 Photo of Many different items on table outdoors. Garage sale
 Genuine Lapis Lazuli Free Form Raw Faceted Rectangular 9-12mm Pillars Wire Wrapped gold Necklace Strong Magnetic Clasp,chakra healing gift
= = = = =
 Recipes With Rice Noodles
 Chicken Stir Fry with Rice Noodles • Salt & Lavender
= = = = =
- [Problem requirements]
Your task is to transcribe, with no changes, only the lines of the listing above that lie between the line holding "Photo of Many" and the line holding "Genuine Lapis Lazuli", inclusive.

- [Answer to the exercise]
 Photo of Many different items on table outdoors. Garage sale
 Genuine Lapis Lazuli Free Form Raw Faceted Rectangular 9-12mm Pillars Wire Wrapped gold Necklace Strong Magnetic Clasp,chakra healing gift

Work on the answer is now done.